• [TASK DATA]

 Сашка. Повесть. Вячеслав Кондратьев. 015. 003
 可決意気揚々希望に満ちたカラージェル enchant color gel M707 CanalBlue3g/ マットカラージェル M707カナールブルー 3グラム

* * *

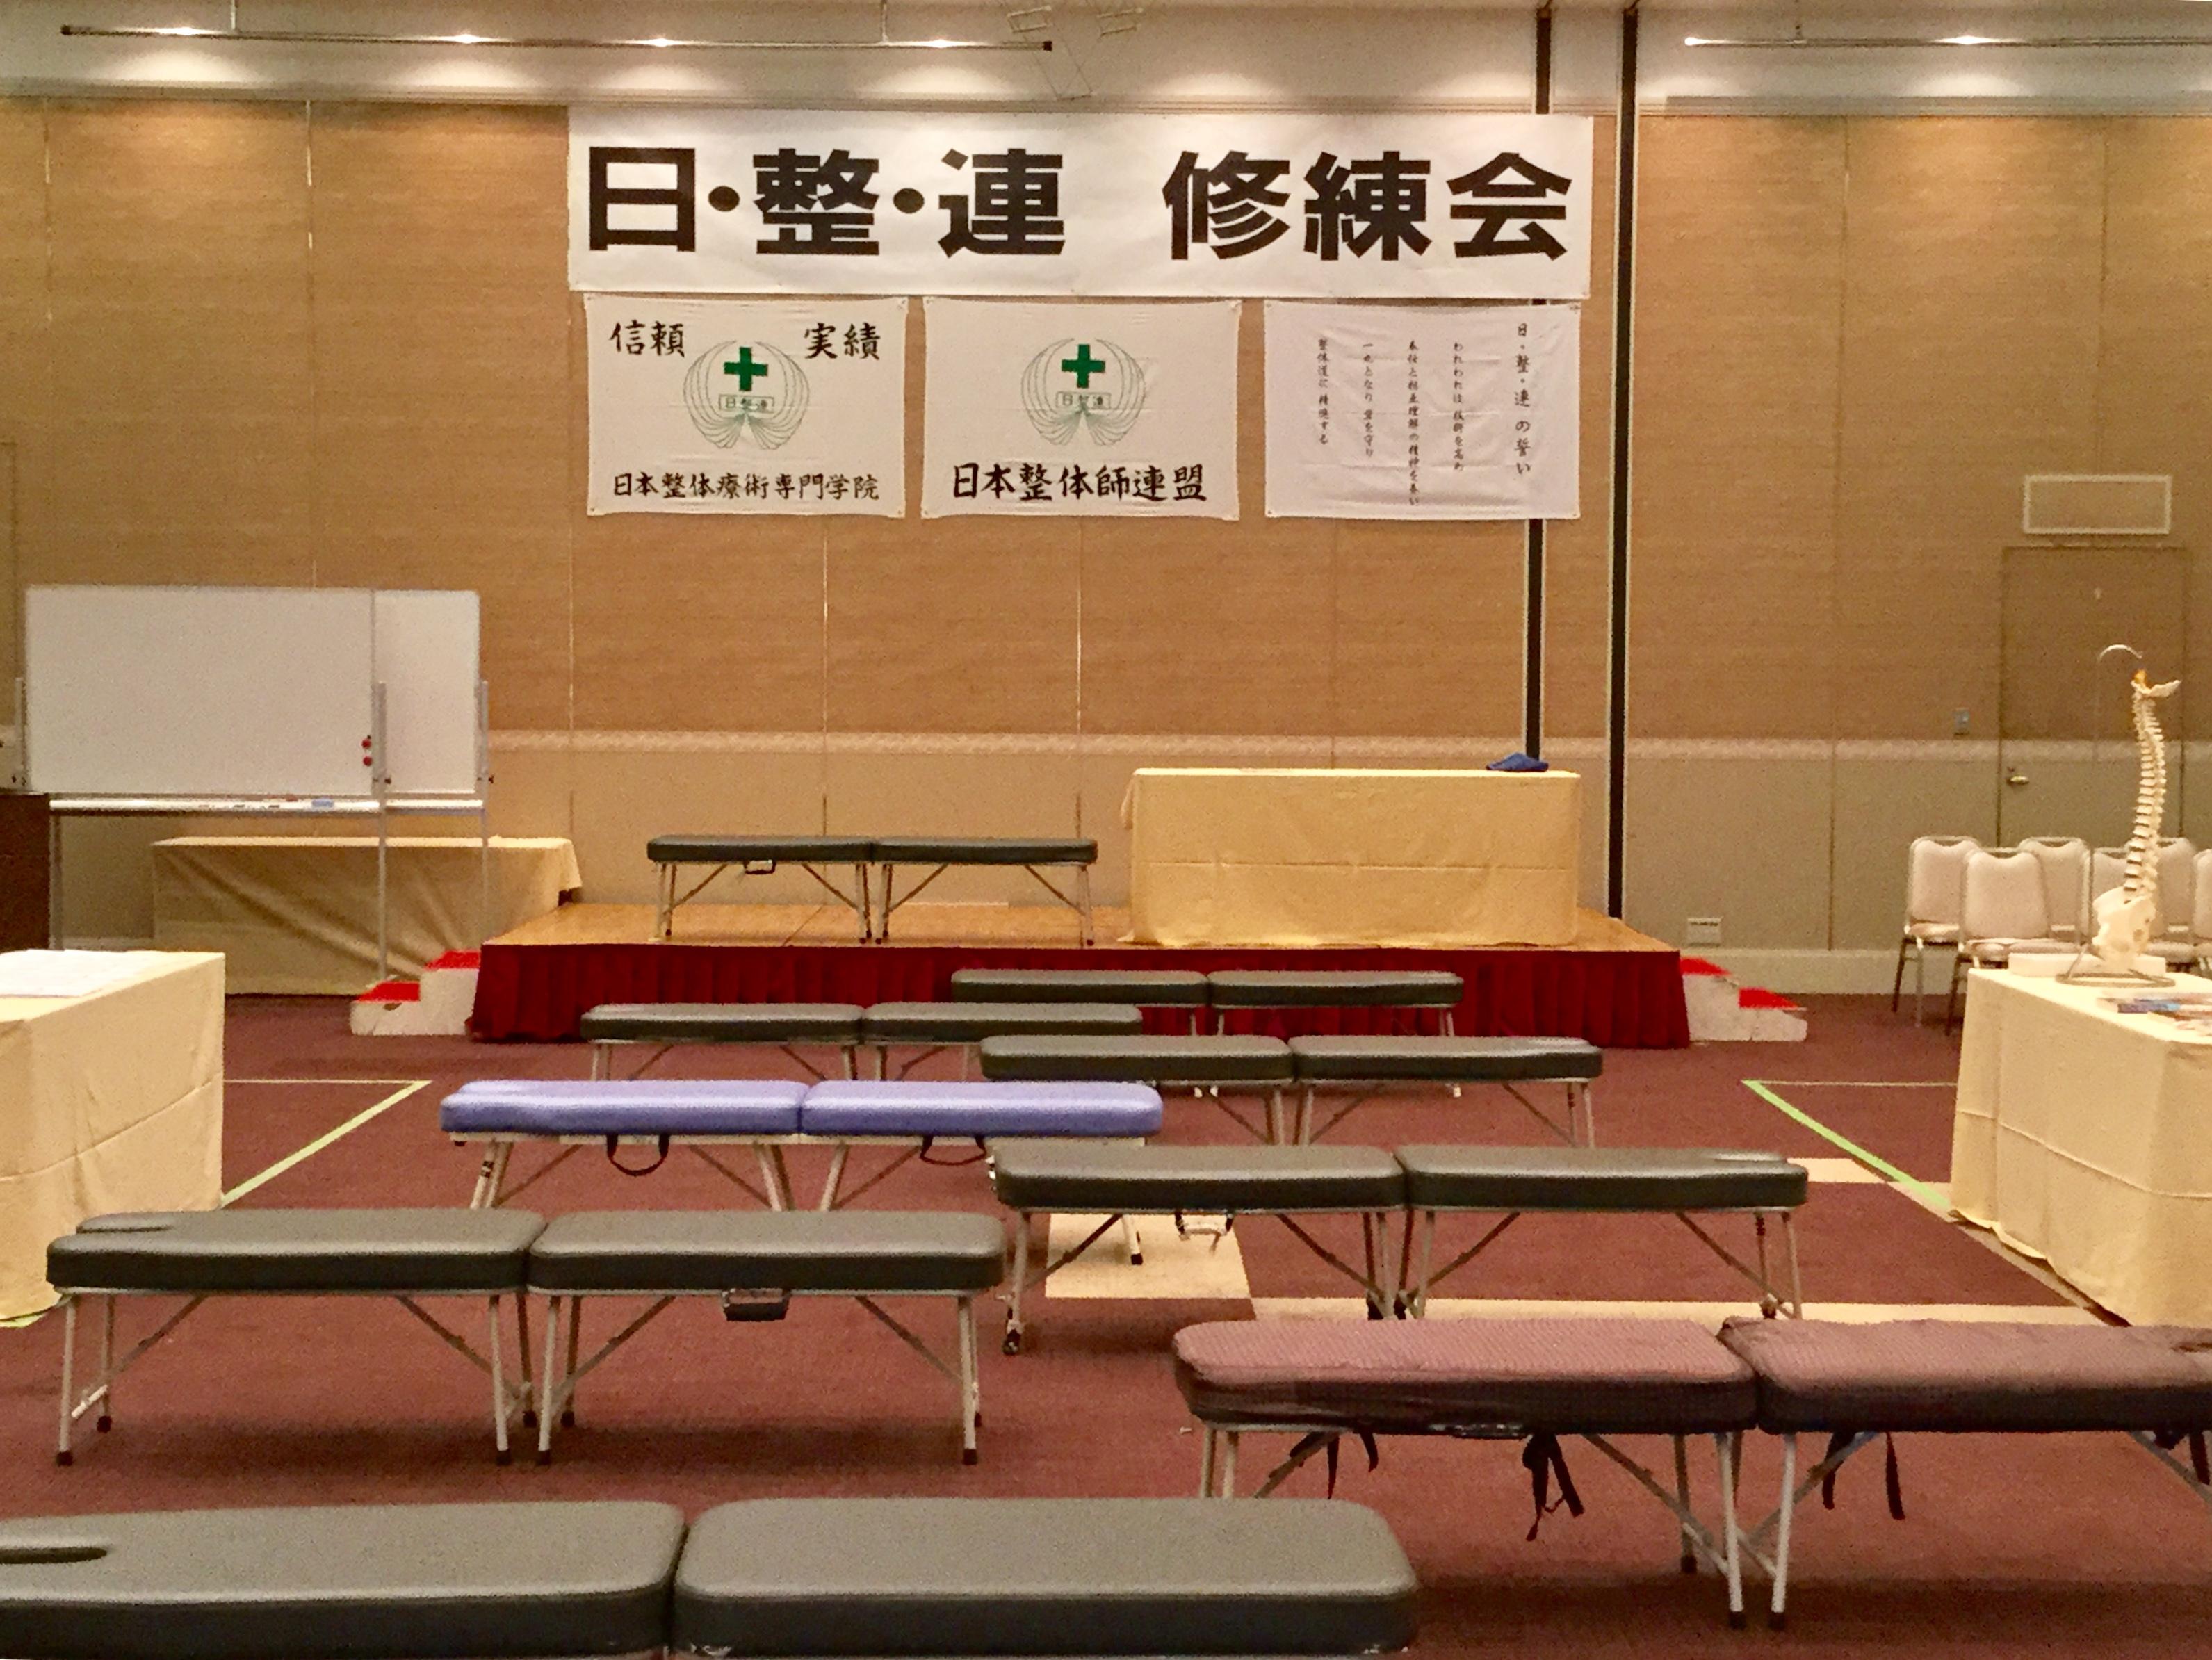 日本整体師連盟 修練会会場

• [TRY IT]
From the records above, quote only the lines running from the line with "Сашка. Повесть. Вячеслав" to the line with "可決意気揚々希望に満ちたカラージェル enchant color", both lines included.

• [SOLUTION]
 Сашка. Повесть. Вячеслав Кондратьев. 015. 003
 可決意気揚々希望に満ちたカラージェル enchant color gel M707 CanalBlue3g/ マットカラージェル M707カナールブルー 3グラム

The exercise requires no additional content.